The show is based on Hugh Howey’s New York Times best-selling novel series, and the last we saw in season 1 was Juliette being thrown out of the silo for a “clean up.” It was essentially a death sentence, as we watched others go outside and wipe out the silo’s viewing windows before collapsing and presumably dying. However, Juliette doesn’t just not die. She’s stunned to see what appear to be other silos within walking distance around her, which immediately suggests all kinds of other possibilities about the show’s story (what else was there that we thought we knew would be wrong?)

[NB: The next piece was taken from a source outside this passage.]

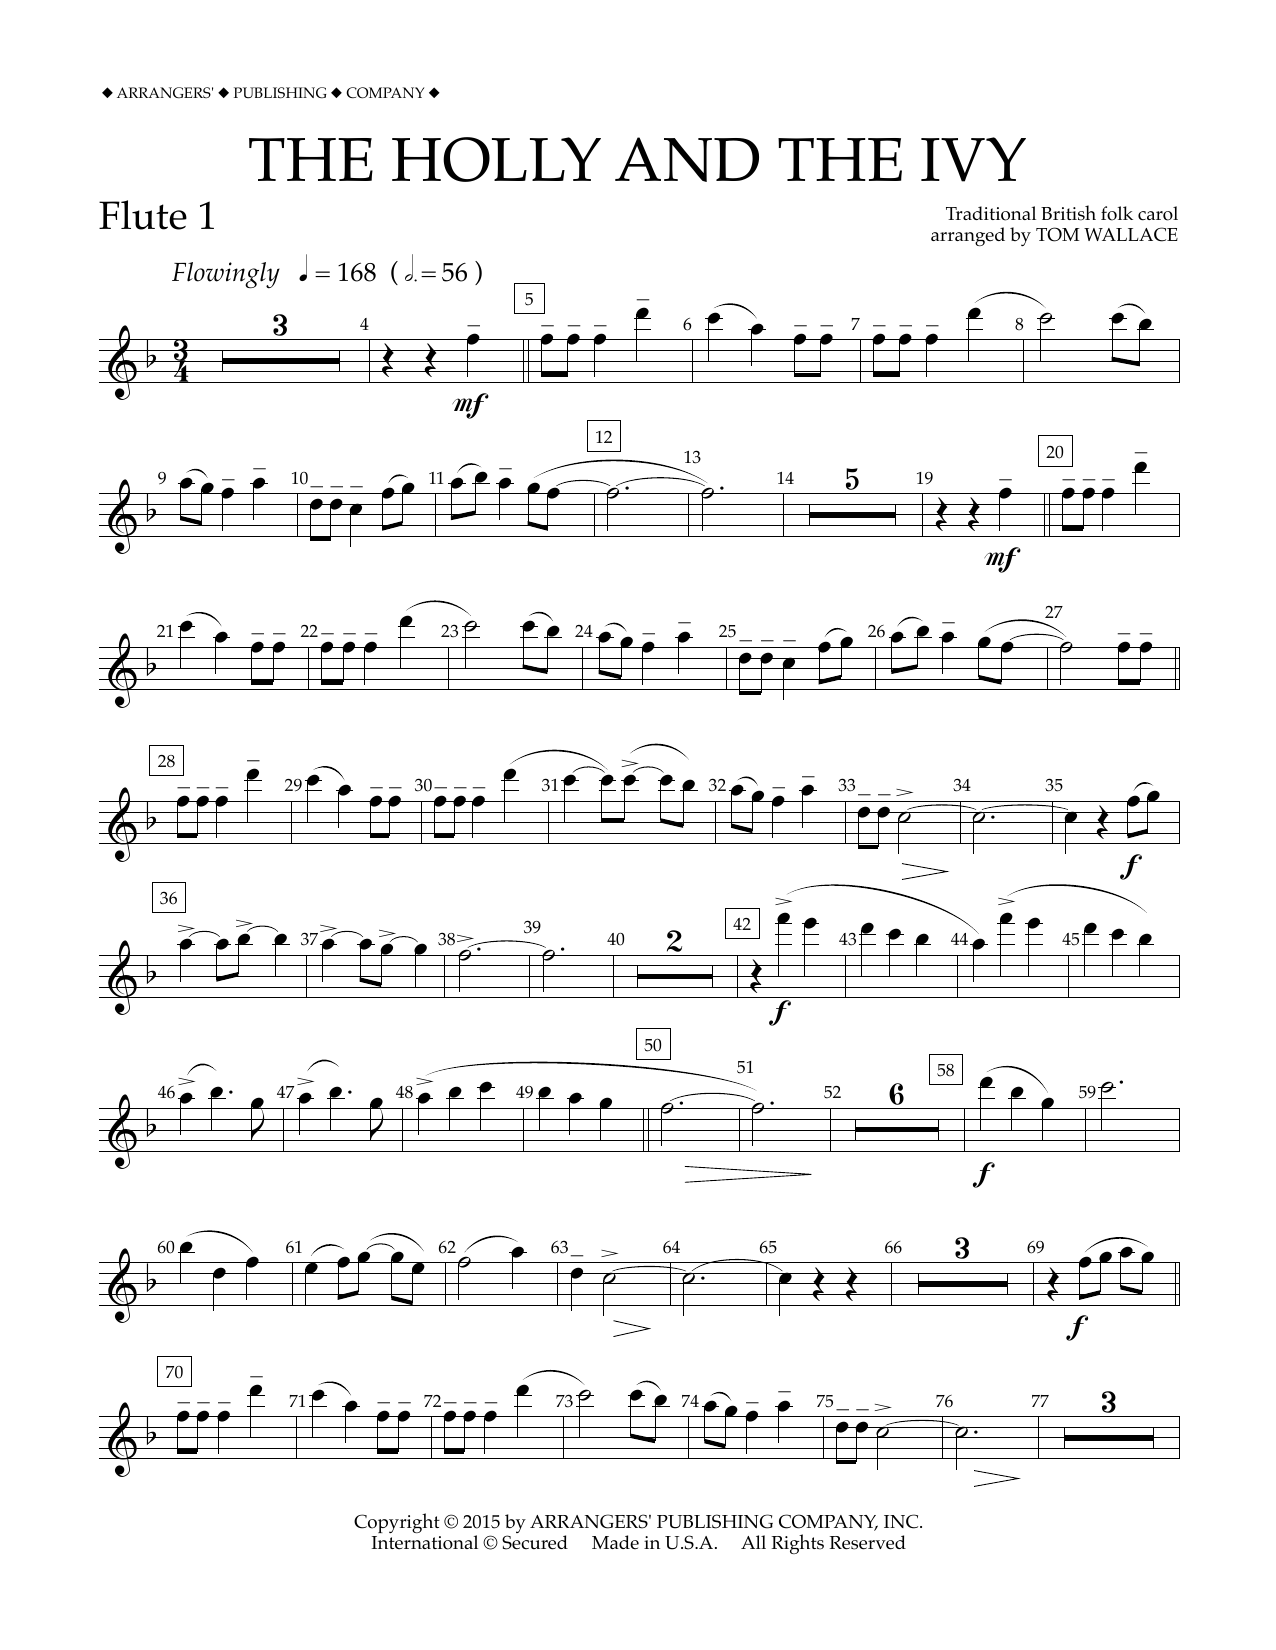 Download Tom Wallace The Holly and the Ivy - Flute 1 Sheet Music

I’ve started watching press screeners for Apple’s Season 2, and let me just say that the world of Silo is about to get a lot bigger very quickly. For example, Juliette makes her way to another silo, one that appears completely abandoned even though it looks exactly like the one she came from. There is a total of one man with a crazy look in his eye who hides behind a protective door, and he threatens to kill Juliette if she tries to open it. Long story short, I can already tell that the ending of season 2 will give me exactly the same reaction Silo Season 1 did – that it will end, and I will be racing to get my hands on more of Howey’s books, desperate to find out what happens next.